Federal investigators examined the wreck, found the flaps and throttle in position for landing and revealed the findings.  The evidence supported the belief, shared by President Clinton, that Mr. Corder's final flight was a botched stunt by a man with drug and alcohol problems, not a suicidal dive as many people had thought.  A Secret Service spokesman, Carl Meyer, did say that investigators "were looking for indicators of a landing vs. a crash. That is part of the $64,000 question."

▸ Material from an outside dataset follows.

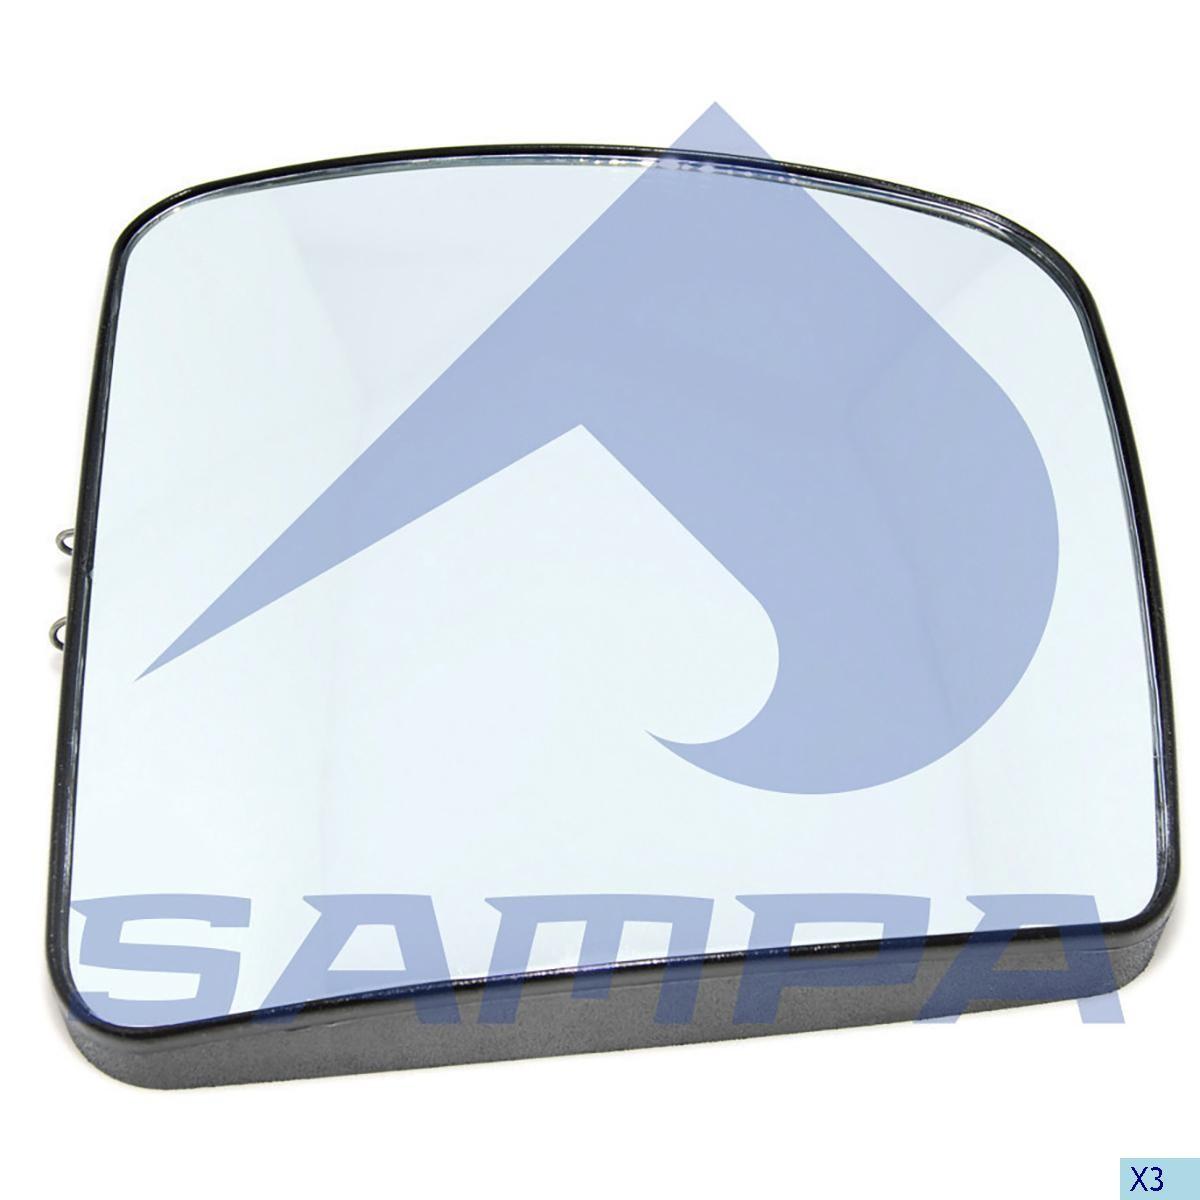 Стекло зеркала Actros Euro 5 левое малое photo

Those settings show Corder was "trying to land as slowly as he could," Joseph Mancusi, one of the plane's owners, said.

The Legacy of that Day...

 

Corder's crash was one of several attacks on the White House during the Clinton presidency. Six weeks after the crash, a deranged man, dressed in a trenchcoat, used a submachine gun to fire upon the White House. Secret Service and personnel from the Presidential Protective Division had to gun down the madman into order to protect the public, as well as the President – who was in the Oval Office at the time.

 

Seven years after Corder's suicide, almost to the day - on September 11th, 2001 - four commercial airliners were hijacked by Islamic radical terrorists, the pilots killed, and the jets – still with passengers and fuel, were used as guided missiles to attack symbolic targets in the United States. The passengers of the fourth hijacked plane, United Flight #93, staged a retaking of the plane, but it ultimately crashed near Shanksville, Pennsylvania. It is widely thought that its intended target was either the U.S. Capitol building, or the White House.

 

In 2006, a plaque featuring the bent propeller of the Cessna, surrounded by various gauges and a plate bearing the aircraft's vehicle identification number, was sold on eBay. The plaque was put together by the plane's insurer.